Kellerbier, Zwickelbier, Zoigl

Pronunciation guide for English-speakers:
"Tzoy-gel-beer" ("oy" as in "boy" and "gel" as in the last syllable of "bagel")

Zoiglbier is essentially an effervescent form of a Bavarian Kellerbier (see there), but brewed from more highly kilned malt, which gives the beer a slightly darker, deep amber, color. It is also less hop-accented. Its alcohol content by volume is usually below 5%. The name Zoiglbier stems from "Zoigl," the Franconian vernacular for "sign." In Franconian home brewing, a Zoigl was a six-pointed blue-white star, shaped from two triangles similar to a Star of David. The star was made from wooden slats. In the center was a cutout of a beer mug or a pine branch.

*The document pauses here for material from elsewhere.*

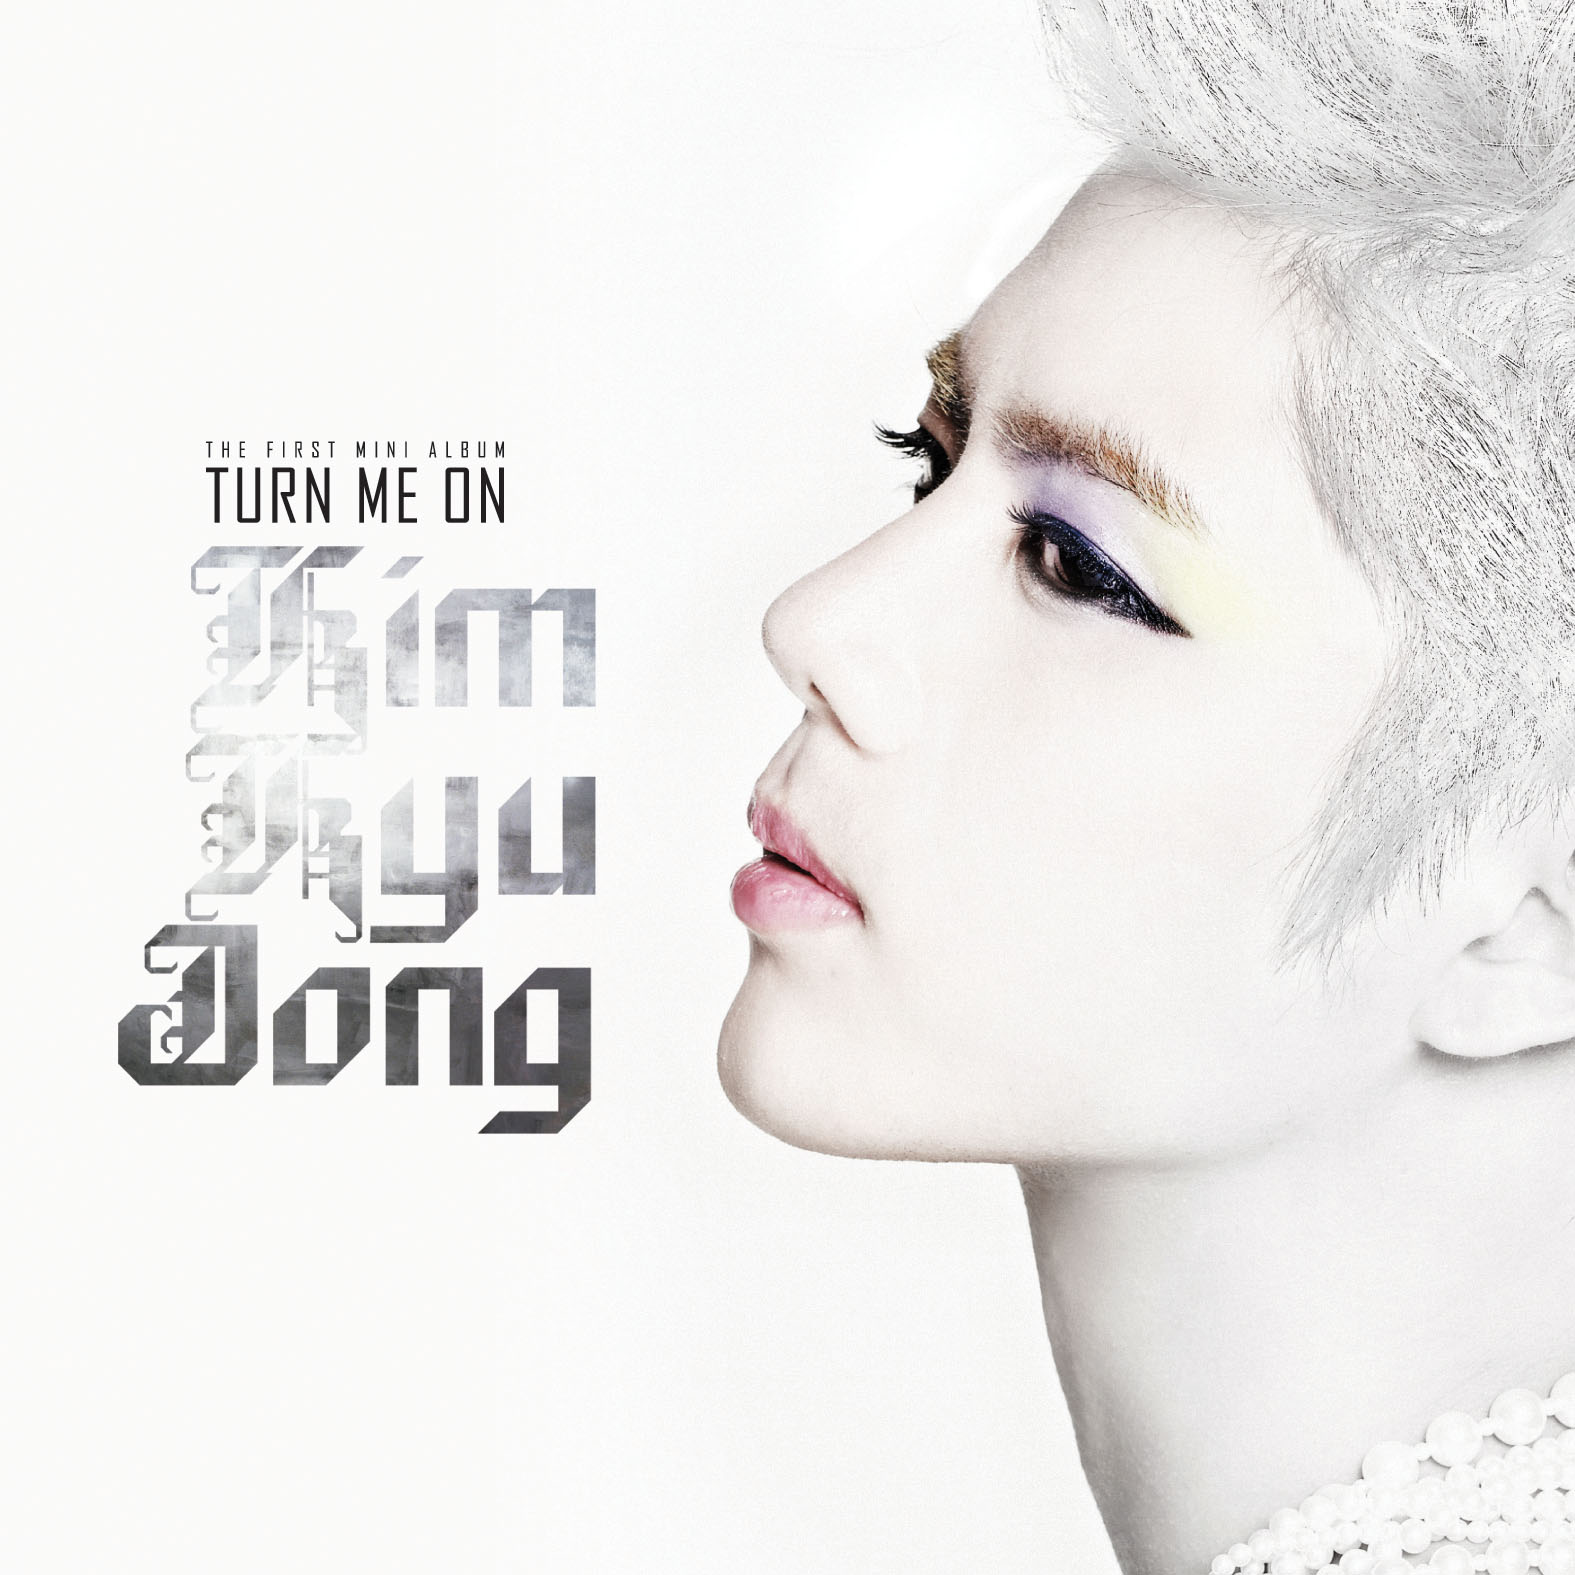 『TURN ME ON』 台灣獨占CD+DVD豪華影音盤

In the feudal system of the 13th and 14th centuries, every Bavarian home- and landowner in the region north of the River Danube also automatically owned the right to brew beer, and these medieval burghers and farmers used to hang the Zoigl in front of their doors wheneverthey had homebrew ready to drink. The Zoigl was in invitation to their neighbors to come over and have a few. These early burgher-brewers often also made their Zoiglbier in communal brew houses...a natural precursor to the brew's communal consumption under the Zoigl.

One triangle of the Zoigl symbolized the three "elements" involved in brewing: fire, water and air; the other symbolized the three "ingredients" used in brewing: malt, hops and water. The function of yeast had not yet been discovered in the Middle Ages. Rather yeast was considered a byproduct of fermentation, known as "stuff" ("Zeug" in German) to be discarded.

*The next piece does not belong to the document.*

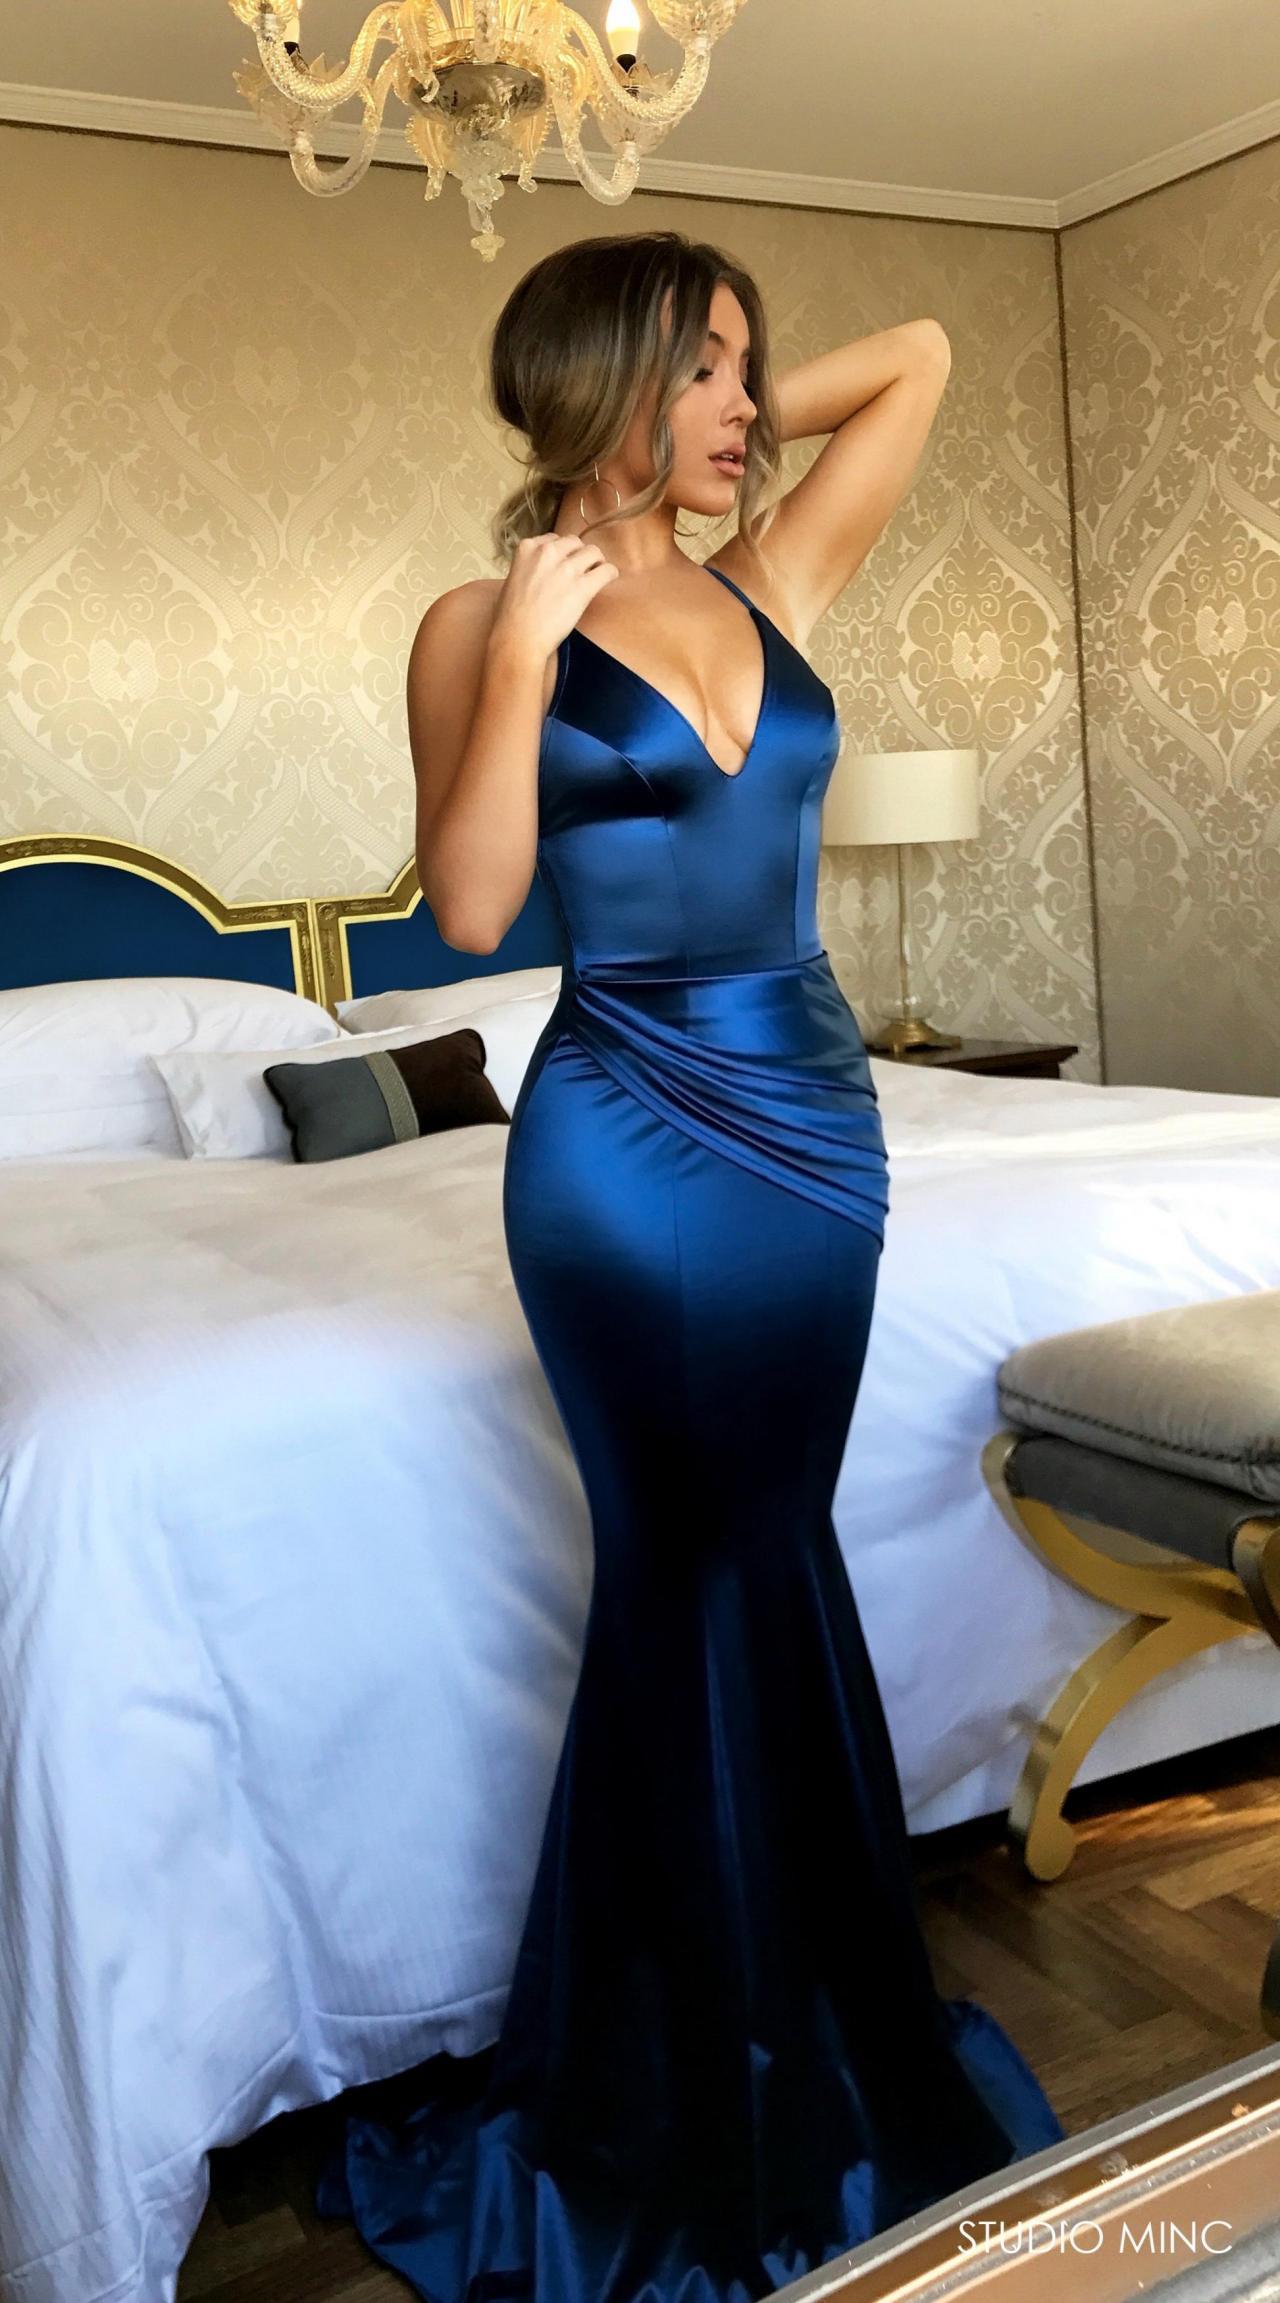 2018 New Mermaid Prom Dressesshirt Dress V Neck Prom Dressparty Dresseswomen Dressesroyal Blue Evening Dress

Nowadays, Zoiglbier is brewed exclusively with noble hops from the Hallertau region of Bavaria (slightly north of the Danube). Like Kellerbier, Zoiglbier is unfiltered, unpasteurized, uncapped ("ungespundet"), and low in carbonation; but unlike Kellerbier, it is aged for only of few weeks, before it is served. It tends to have a shorter shelflife than Kellerbier and is generally not sold outside Bavaria. Several breweries nowadays package their Zoiglbier in bottles and kegs, in which case the beer tends to be slightly carbonated.